The dashboard Health tab also includes operator controls for manually processing queued Telegram prompts, force-processing them when needed, and retrying failed items.
Editable guardrail and system prompts are persisted in the database as overrides on top of the environment defaults. The current merged values are available at /llm/prompts, and the dashboard System tab can edit or reset them without restarting the service.
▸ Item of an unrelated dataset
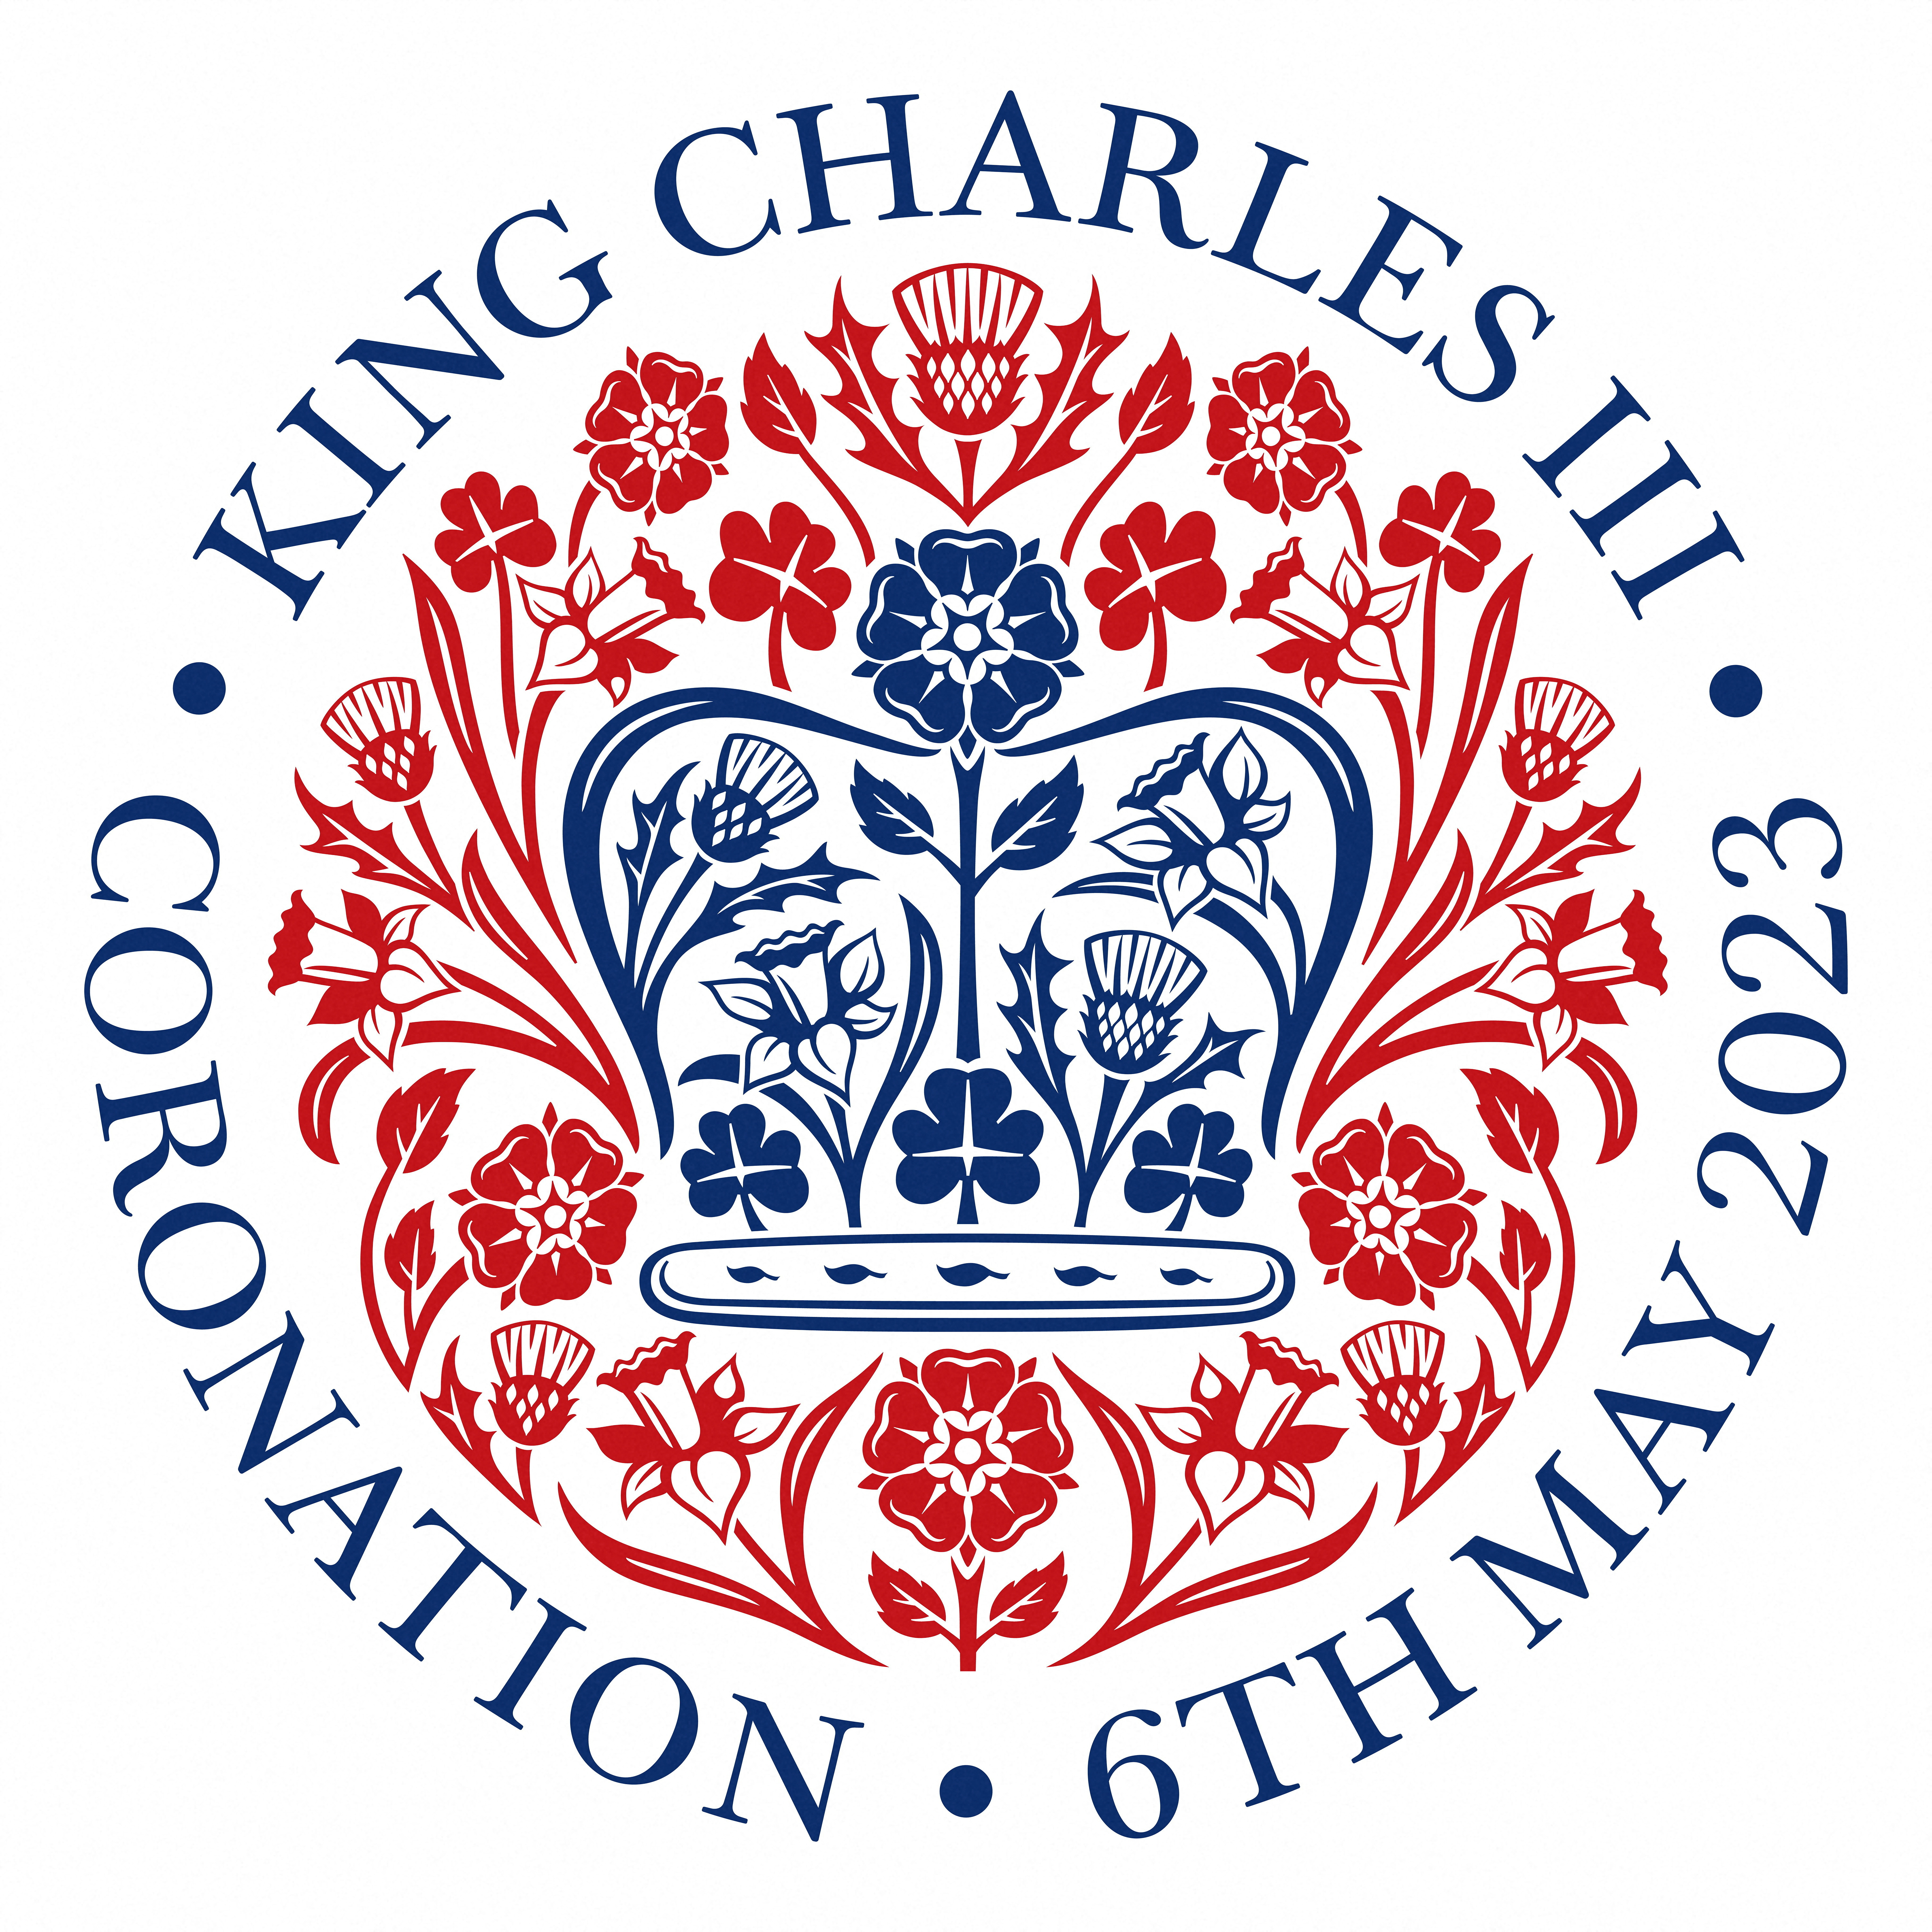 Coronation emblem of Britain's King Charles

These tool payloads are appended to the model prompt as authoritative JSON generated by the service, so the LLM can reason over live project and Gitea context while remaining constrained by the configured guardrails.
Development
Makefile Targets
make help # Show available targets
make setup # Initialize repository
make fmt # Format code
make lint # Run linters
make test # Run tests
make test-cov # Run tests with coverage report
make release # Create new release tag
make build # Build Docker image
Running in Development
pip install -r requirements.txt
uvicorn main:app --reload --host 0.0.0.0 --port 8000
Testing
Run the test suite:
# Run all tests
make test
# Run tests with coverage report
make test-cov
# Run specific test file
pytest tests/test_main.py -v
# Run tests with verbose output
pytest tests/ -v --tb=short
Test Coverage
View HTML coverage report:
make test-cov
open htmlcov/index.html
Test Structure
tests/
├── conftest.py # Pytest fixtures and configuration
├── test_main.py # Tests for main.py FastAPI app
├── test_config.py # Tests for config.py settings
├── test_git_manager.py # Tests for git operations
├── test_ui_manager.py # Tests for UI rendering
├── test_gitea.py # Tests for Gitea API integration
├── test_telegram.py # Tests for Telegram integration
├── test_orchestrator.py # Tests for agent orchestrator
├── test_integration.py # Integration tests for full workflow
├── test_config_integration.py # Configuration integration tests
├── test_agents_integration.py # Agent integration tests
├── test_edge_cases.py # Edge case tests
└── test_postgres_integration.py # PostgreSQL integration tests
Project Structure
ai-software-factory/
├── main.py # FastAPI application
├── config.py # Configuration settings
├── requirements.txt # Python dependencies
├── Containerfile # Docker build file
├── README.md # This file
├── Makefile # Development utilities
├── .env.example # Environment template
├── .gitignore # Git ignore rules
├── HISTORY.md # Changelog
├── pytest.ini # Pytest configuration
├── docker-compose.yml # Multi-service orchestration
├── .env # Environment variables (not in git)
├── tests/ # Test suite
│ ├── __init__.py
│ ├── conftest.py
│ ├── test_*.py # Test files
│ └── pytest.ini
├── agents/
│ ├── __init__.py
│ ├── orchestrator.py # Main agent orchestrator
│ ├── git_manager.py # Git operations
│ ├── ui_manager.py # Web UI management
│ ├── telegram.py # Telegram integration
│ └── gitea.py # Gitea API client
└── n8n/ # n8n webhook configurations
Security Notes
- Never commit
.envfiles to git - Use environment variables for sensitive data
- Rotate Gitea API tokens regularly
- Restrict Telegram bot permissions
- Use HTTPS for Gitea and n8n endpoints
License
MIT License - See LICENSE file for details
Contributing
See CONTRIBUTING.md for development guidelines.